- Once the data is in the cache (which it will be the case after the first loop, if it's not there already), it makes little difference if you use memory or register.
- A floating point add will take a little longer than single cycle in the first place.
- The final store to
resVal
"unties" the xmm0 register to allow the register to be freely "renamed", which allows more of the loops to be run in parallel.
This is a typical case of "unless you are absolutely sure, leave writing code to the compiler".

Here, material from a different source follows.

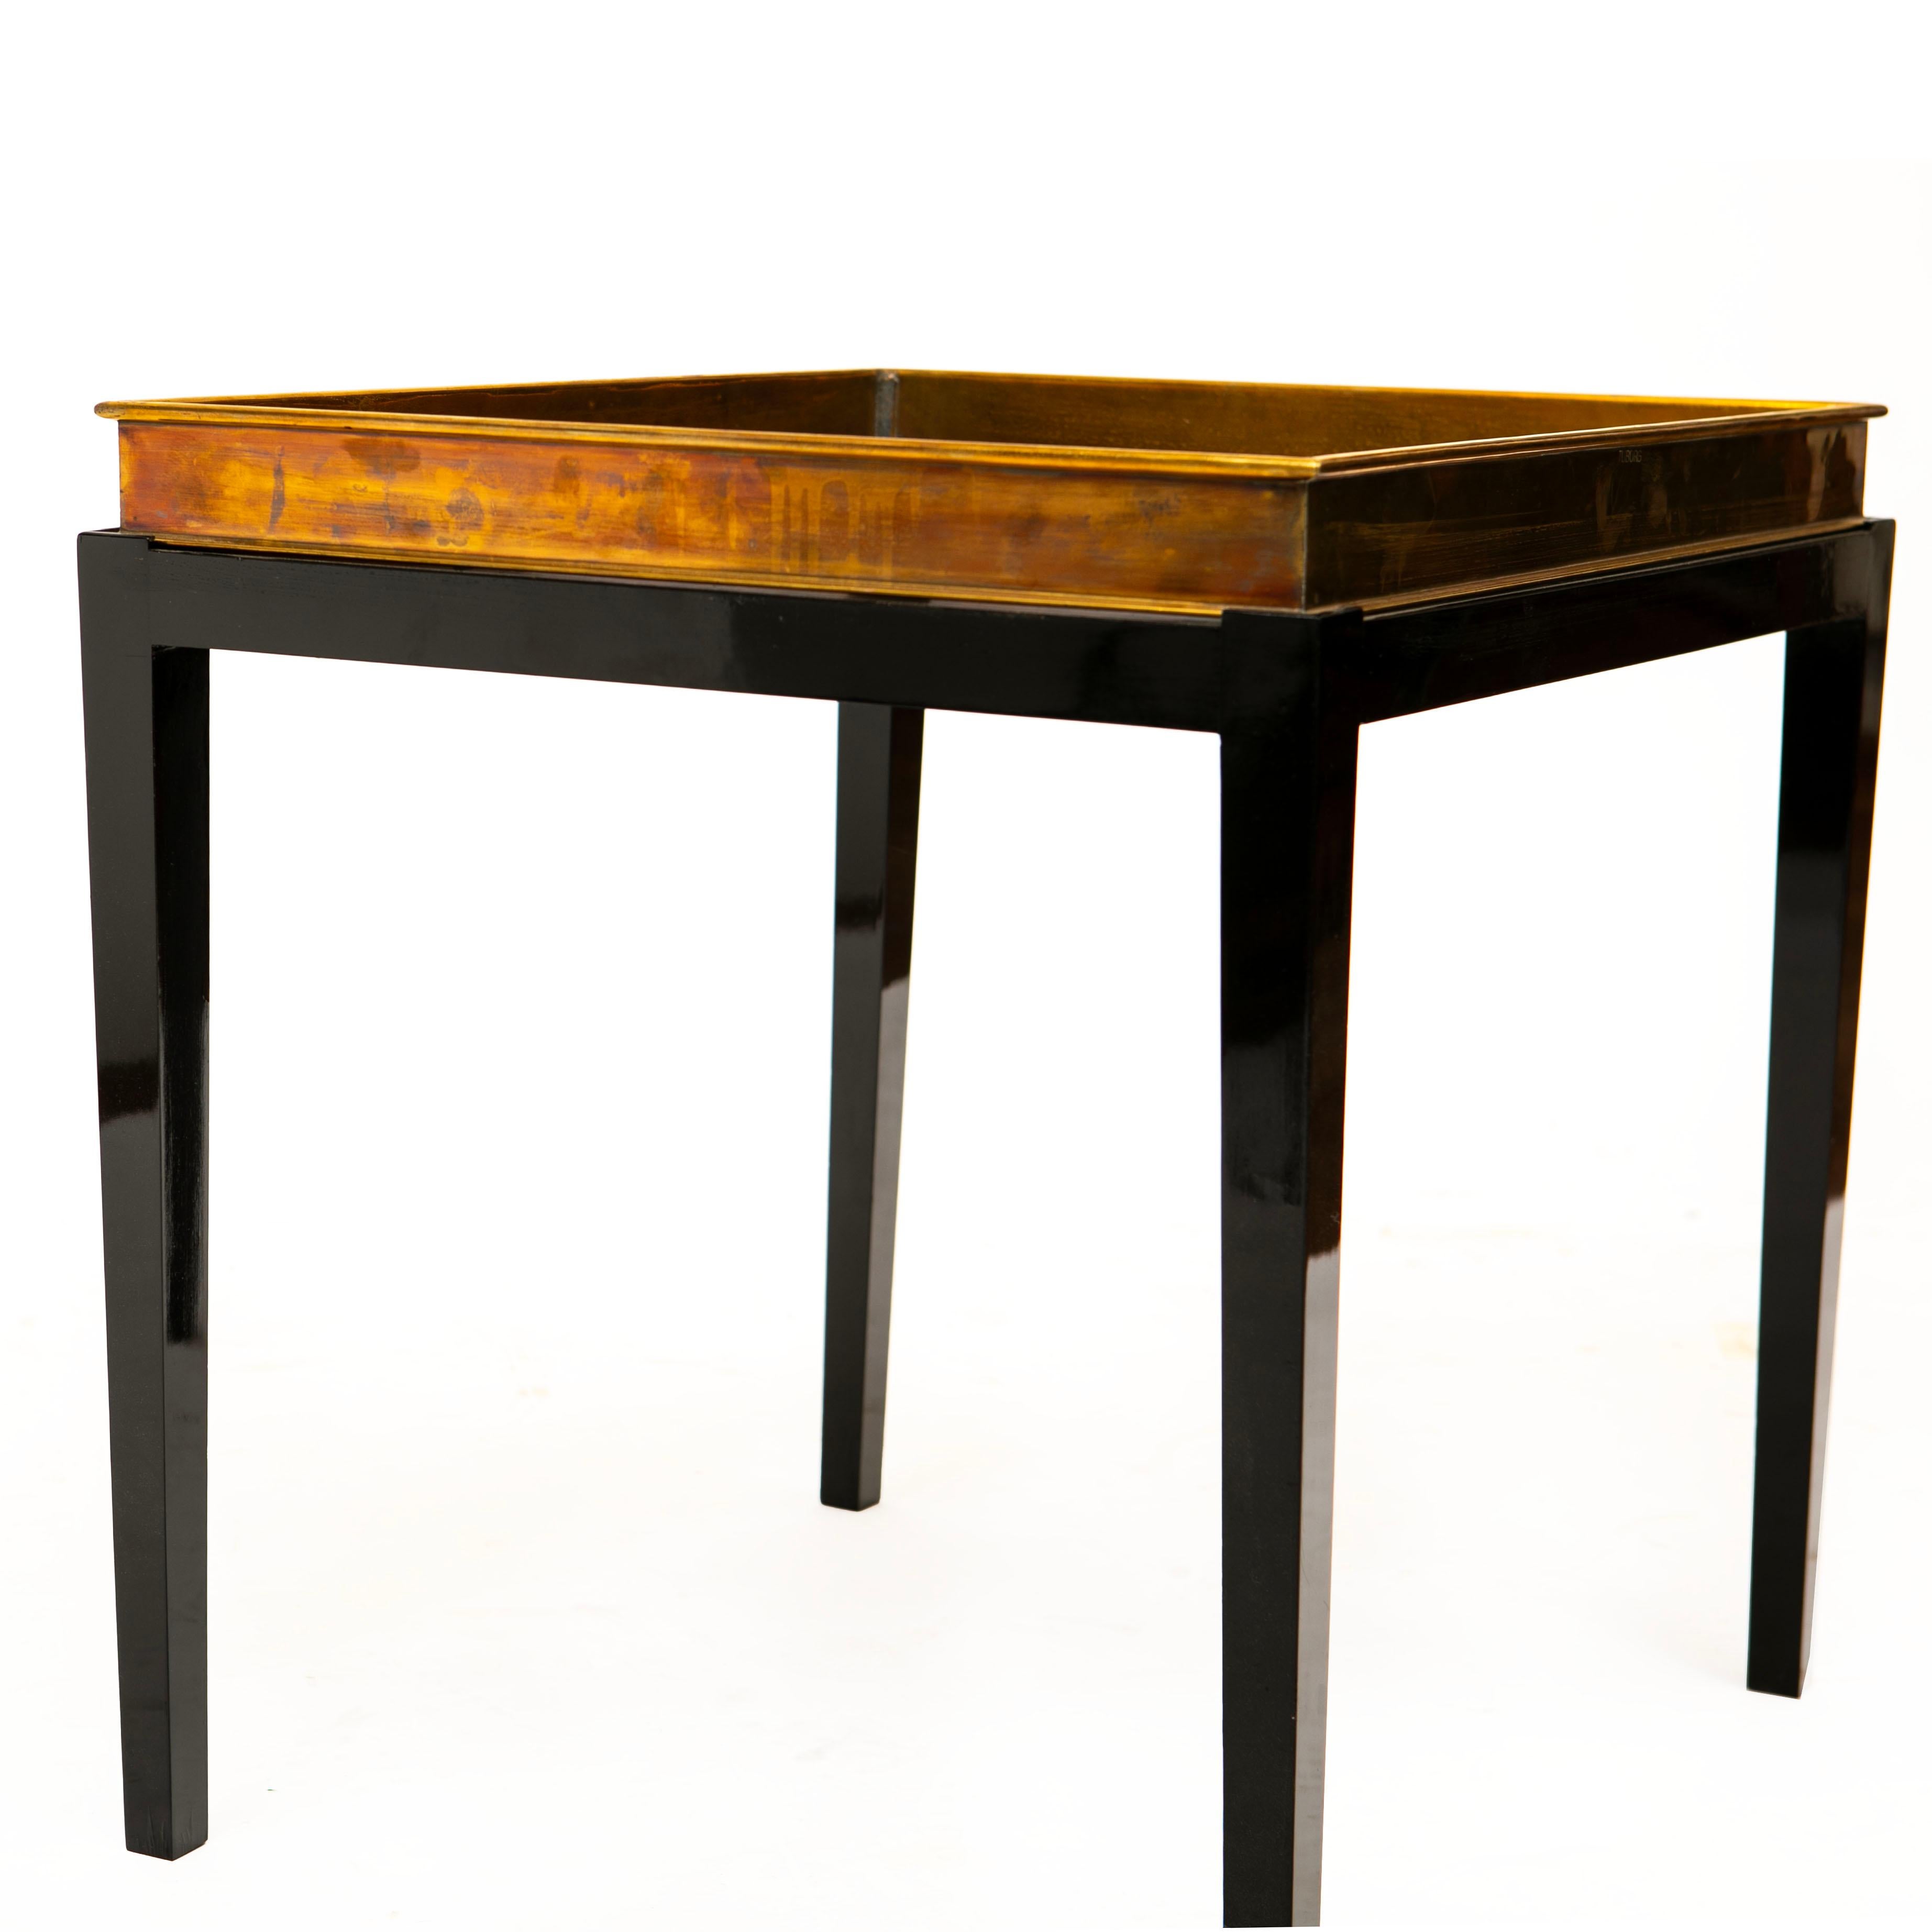 Tray Table Brass / Copper Black Polished Base 4

The last bullet above explains why the code is faster than code where every step of the loop depends on a previously calculated result.

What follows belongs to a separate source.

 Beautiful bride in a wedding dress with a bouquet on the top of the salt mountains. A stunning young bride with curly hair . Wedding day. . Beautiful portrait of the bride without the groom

In the compiler generated code, the loop can do the equivalent of:
movsd xmm0,mmword ptr [val1]
addsd xmm0,mmword ptr [val2]
addsd xmm0,mmword ptr [val3]
addsd xmm0,mmword ptr [val4]
addsd xmm0,mmword ptr [val5]
addsd xmm0,mmword ptr [val6]
addsd xmm0,mmword ptr [val7]
addsd xmm0,mmword ptr [resVal]
movsd mmword ptr [resVal],xmm0
movsd xmm1,mmword ptr [val1]
addsd xmm1,mmword ptr [val2]
addsd xmm1,mmword ptr [val3]
addsd xmm1,mmword ptr [val4]
addsd xmm1,mmword ptr [val5]
addsd xmm1,mmword ptr [val6]
addsd xmm1,mmword ptr [val7]
addsd xmm1,mmword ptr [resVal]
movsd mmword ptr [resVal],xmm1
Now, as you can see, we could "mingle" these two "threads":
movsd xmm0,mmword ptr [val1]
movsd xmm1,mmword ptr [val1]
addsd xmm0,mmword ptr [val2]
addsd xmm1,mmword ptr [val2]
addsd xmm0,mmword ptr [val3]
addsd xmm1,mmword ptr [val3]
addsd xmm0,mmword ptr [val4]
addsd xmm1,mmword ptr [val4]
addsd xmm0,mmword ptr [val5]
addsd xmm1,mmword ptr [val5]
addsd xmm0,mmword ptr [val6]
addsd xmm1,mmword ptr [val6]
addsd xmm0,mmword ptr [val7]
addsd xmm1,mmword ptr [val7]
addsd xmm0,mmword ptr [resVal]
movsd mmword ptr [resVal],xmm0
// Here we have to wait for resval to be uppdated!
addsd xmm1,mmword ptr [resVal]
movsd mmword ptr [resVal],xmm1
I'm not suggesting it is quite that much out of order execution, but I can certainly see how the loop can be executed faster that your loop. You can probably achieve the same thing in your assembler code if you had a spare register [in x86_64 you do have another 8 registers, although you can't use inline assembler in x86_64...]
(Note that register renaming is different from my "threaded" loop, which is using two different registers - but the effect is roughly the same, the loop can continue after it hits the "resVal" update without having to wait for the result to be updated)